**STORED DATA:**
#####
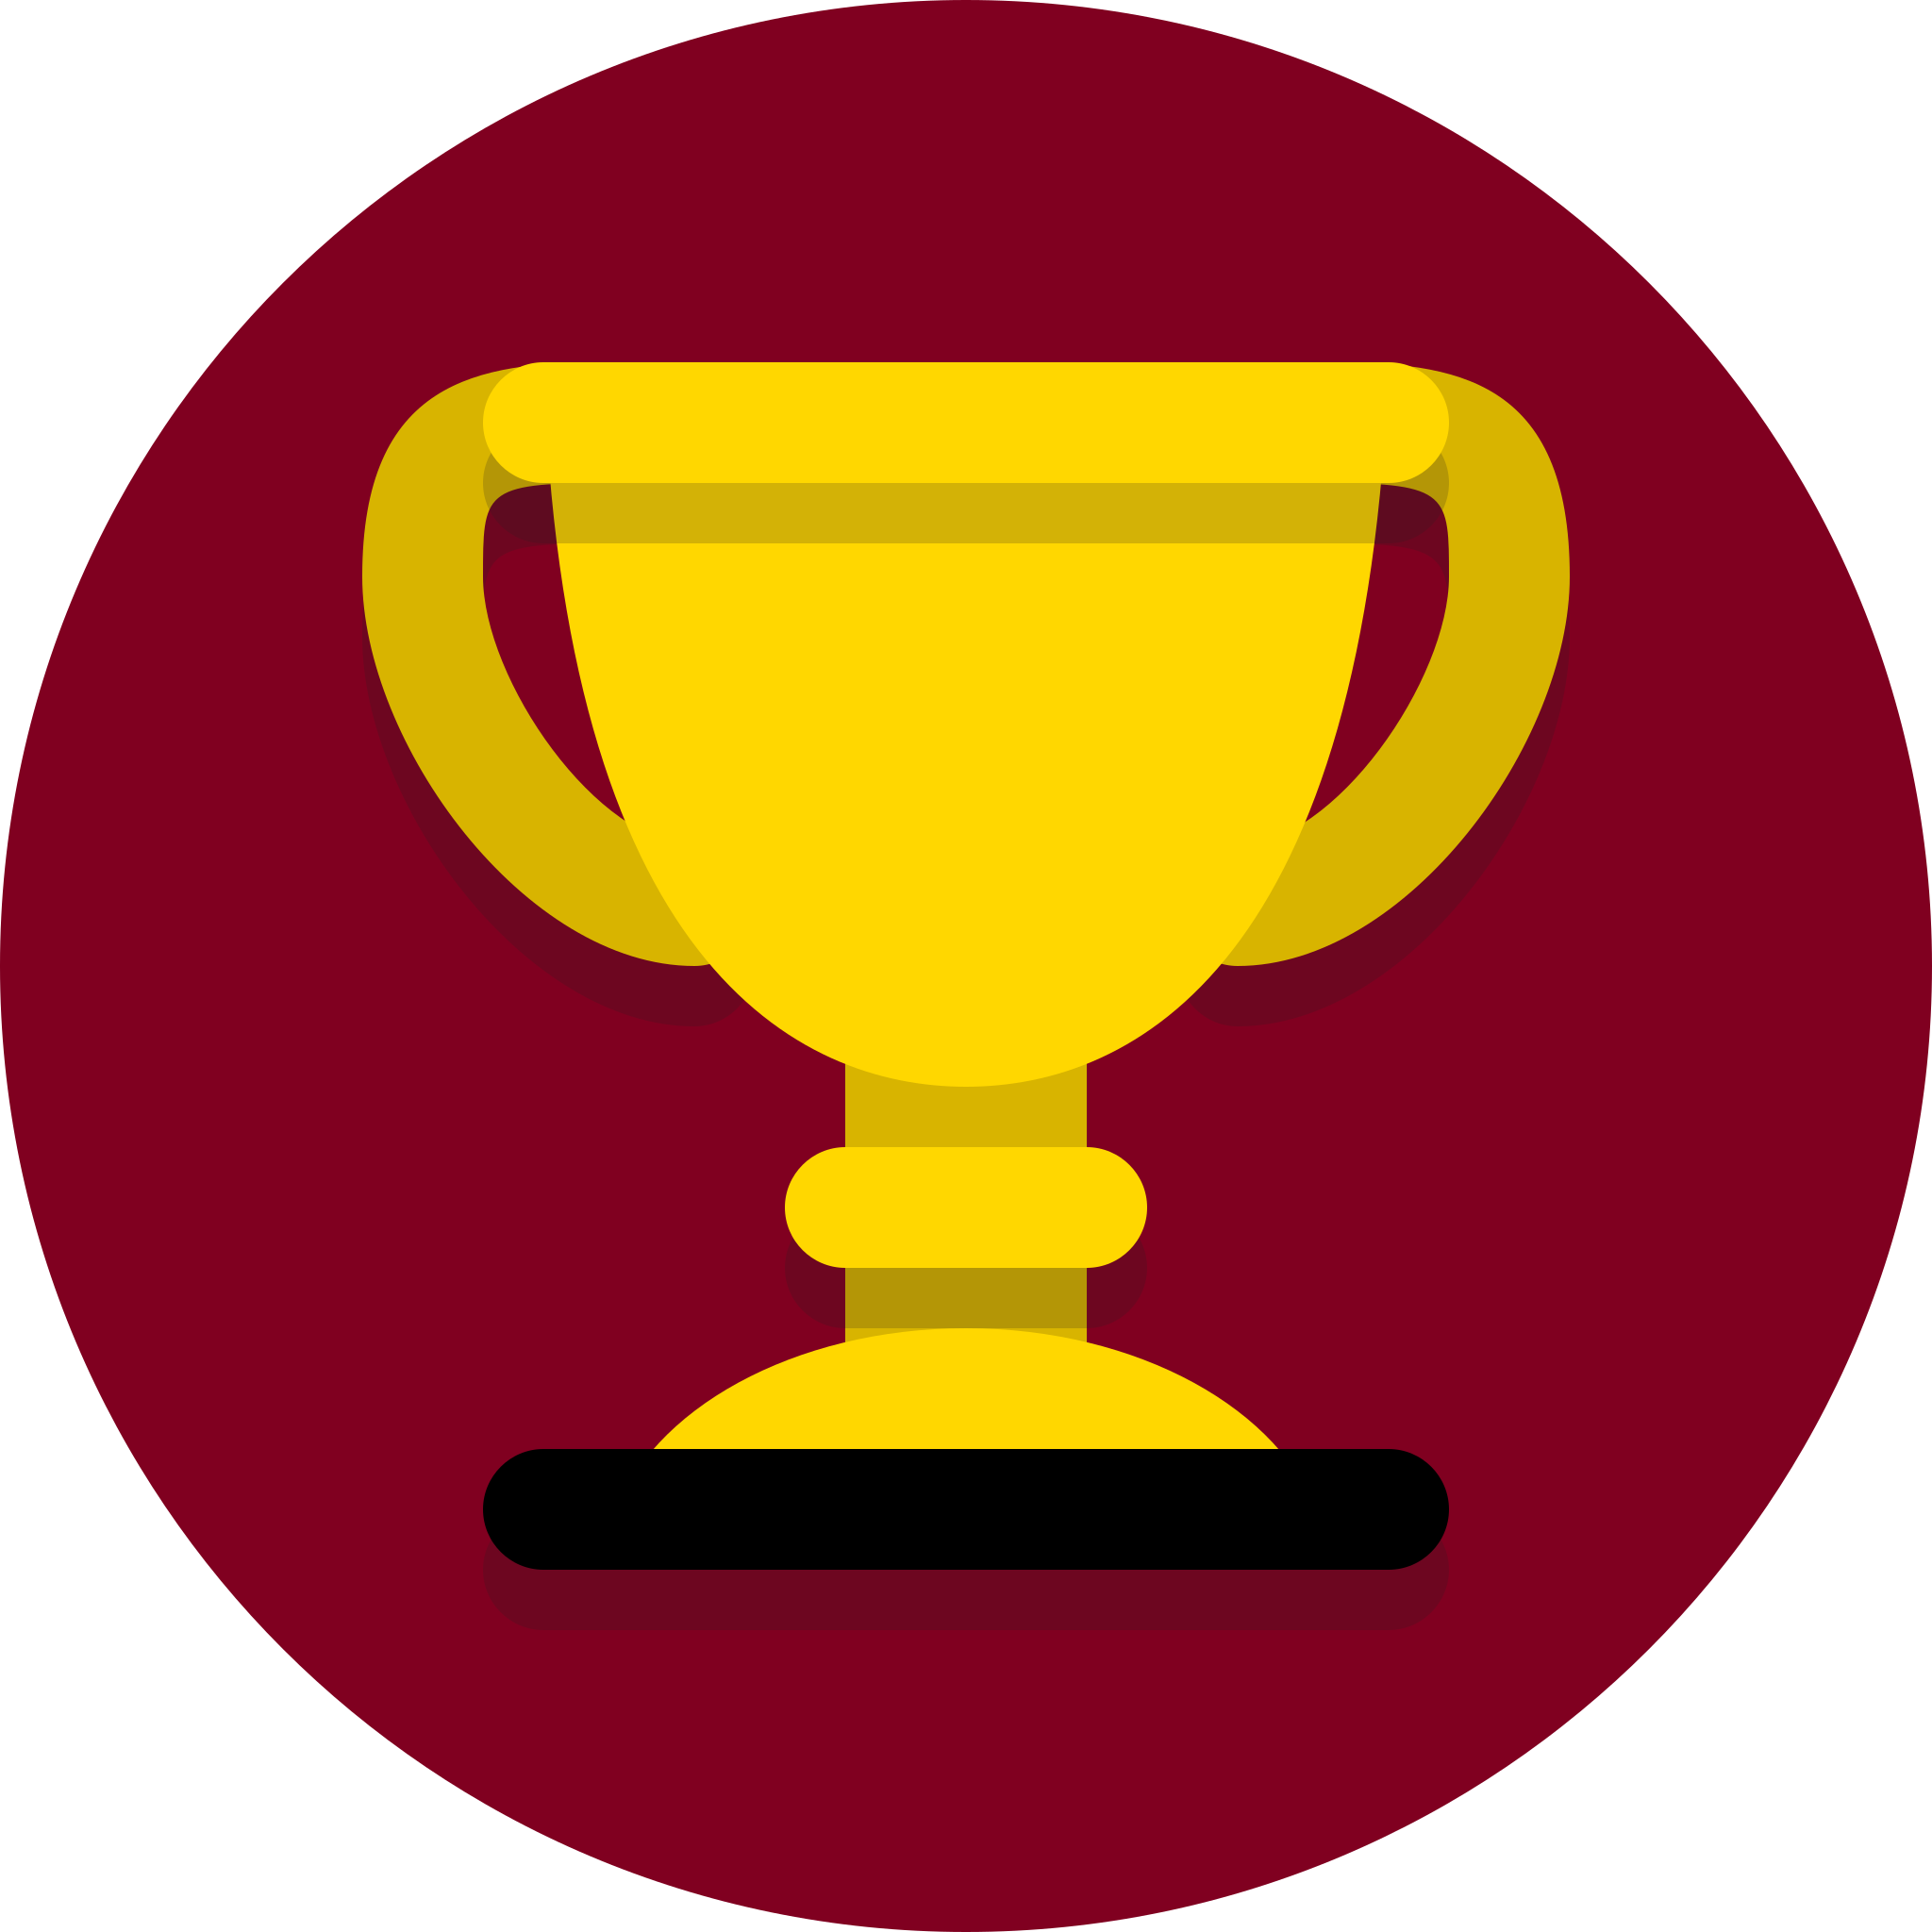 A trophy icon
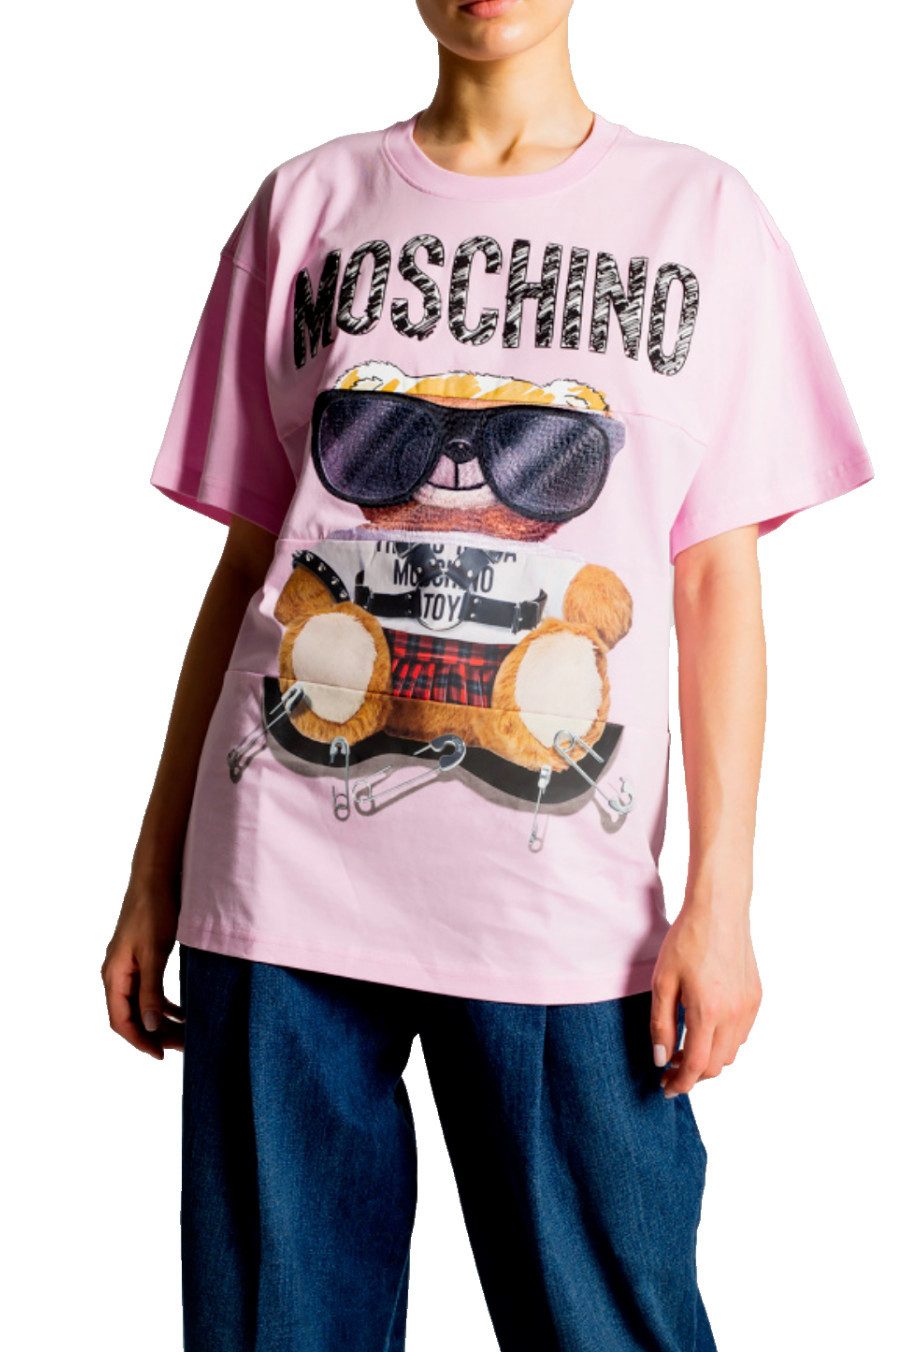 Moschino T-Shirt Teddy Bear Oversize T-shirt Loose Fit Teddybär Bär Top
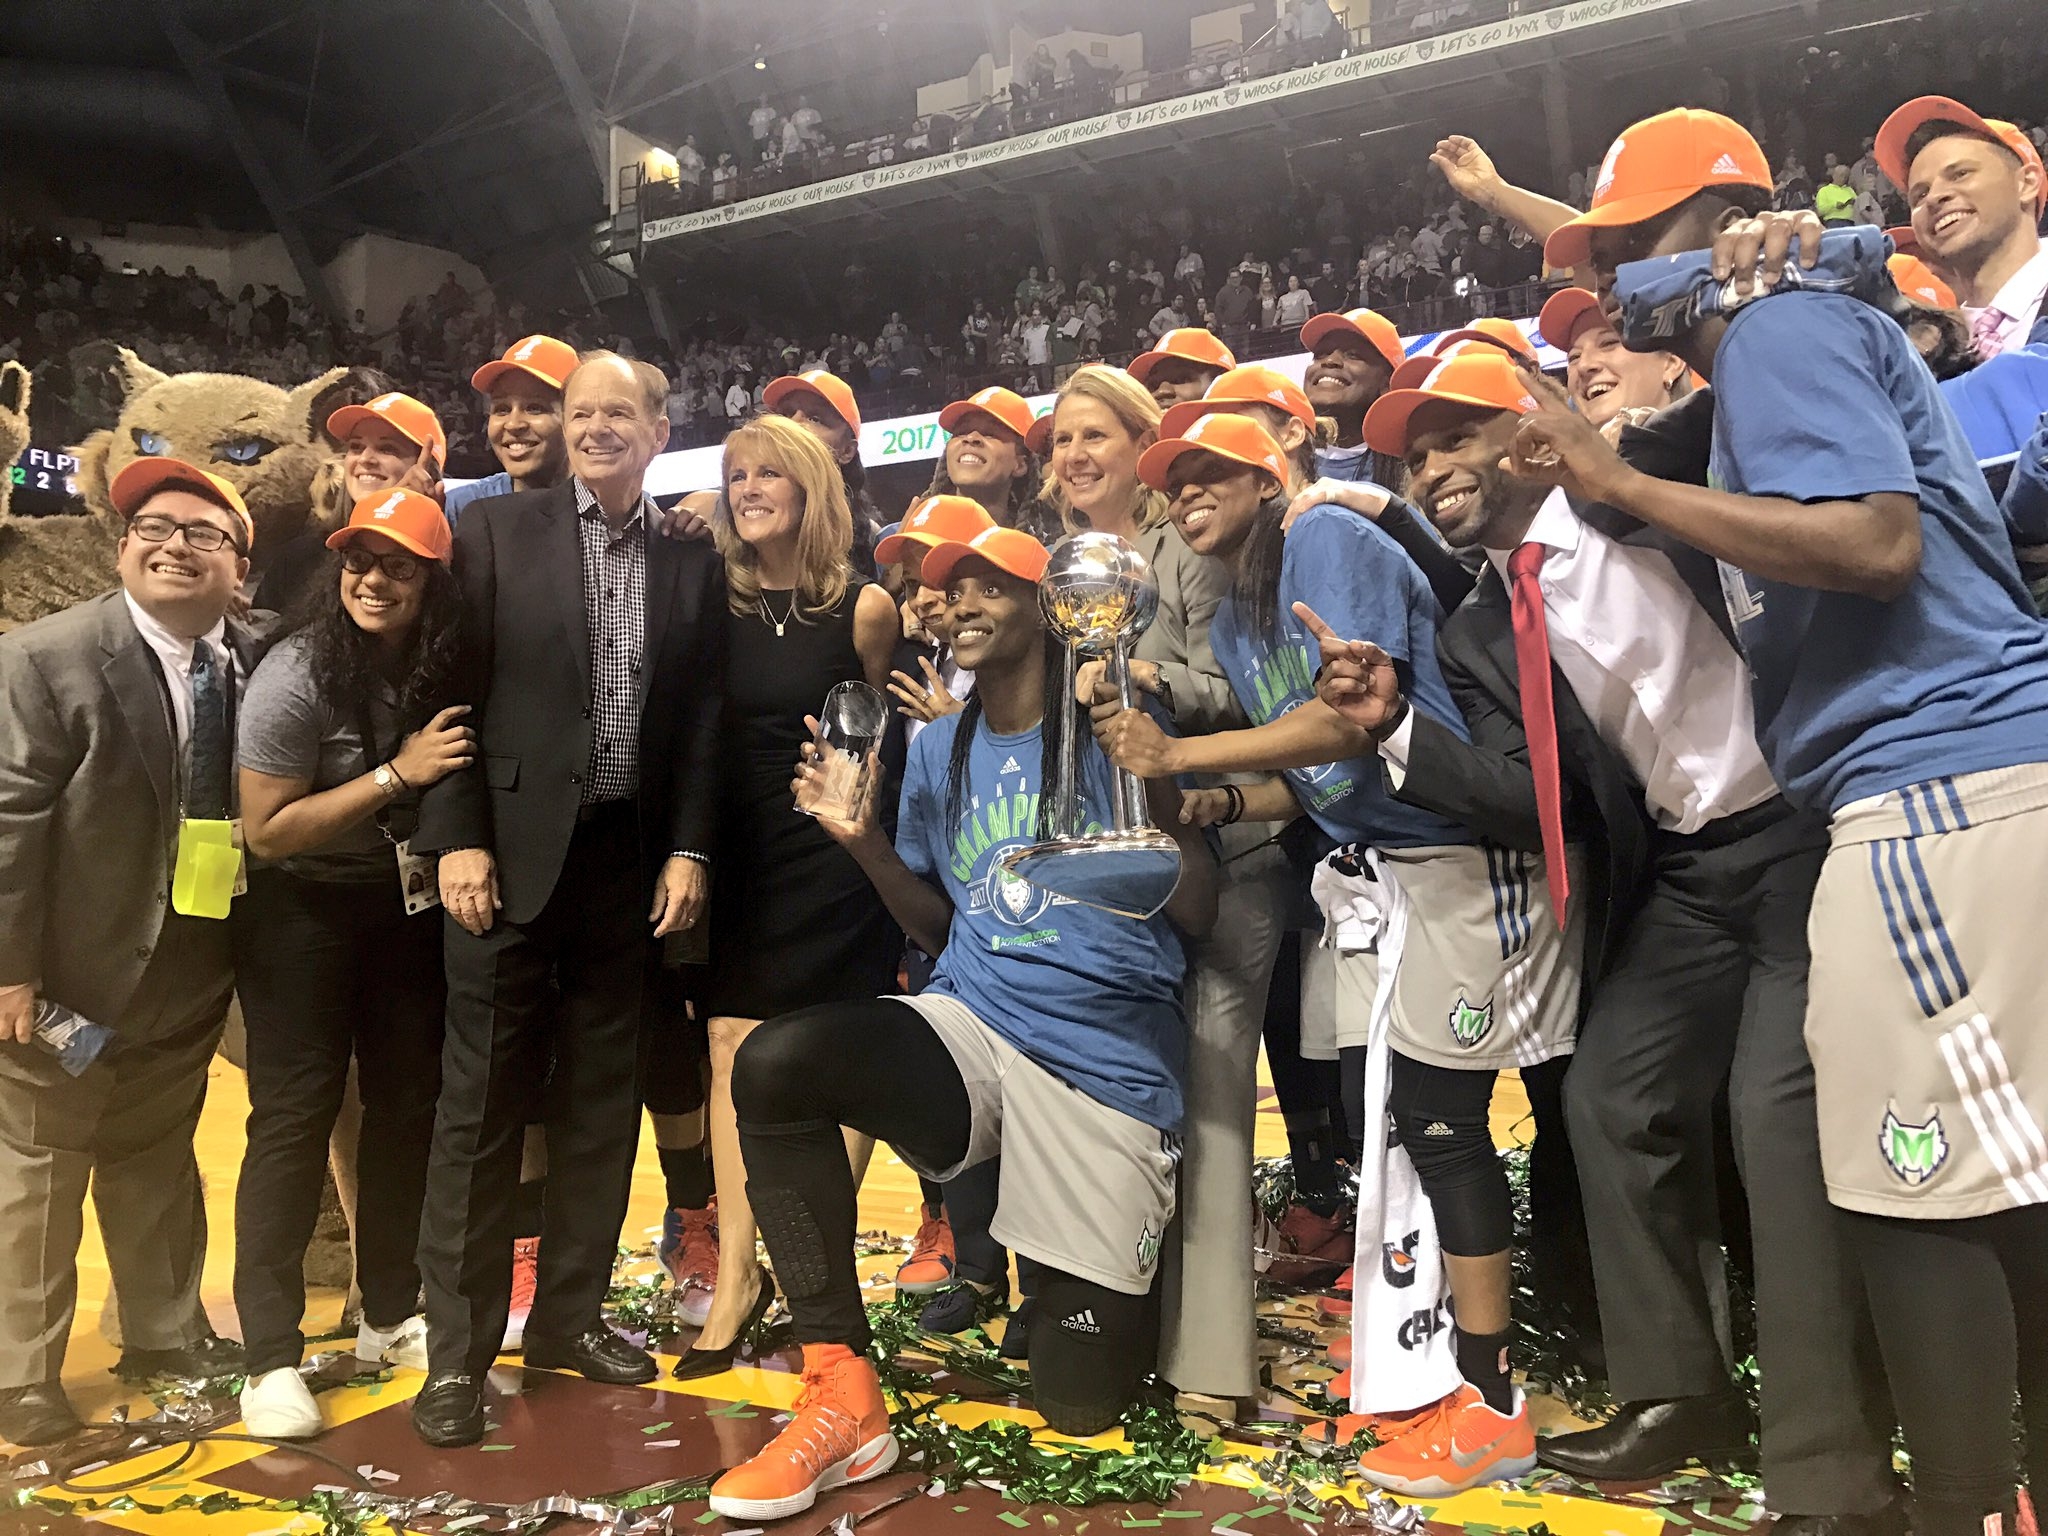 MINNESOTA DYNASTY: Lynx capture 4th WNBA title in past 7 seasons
#####
**THE TASK:** Without changing a single word, set down all of the material again and leave out its pictures.

**TASK RESPONSE:**
 A trophy icon
 Moschino T-Shirt Teddy Bear Oversize T-shirt Loose Fit Teddybär Bär Top
 MINNESOTA DYNASTY: Lynx capture 4th WNBA title in past 7 seasons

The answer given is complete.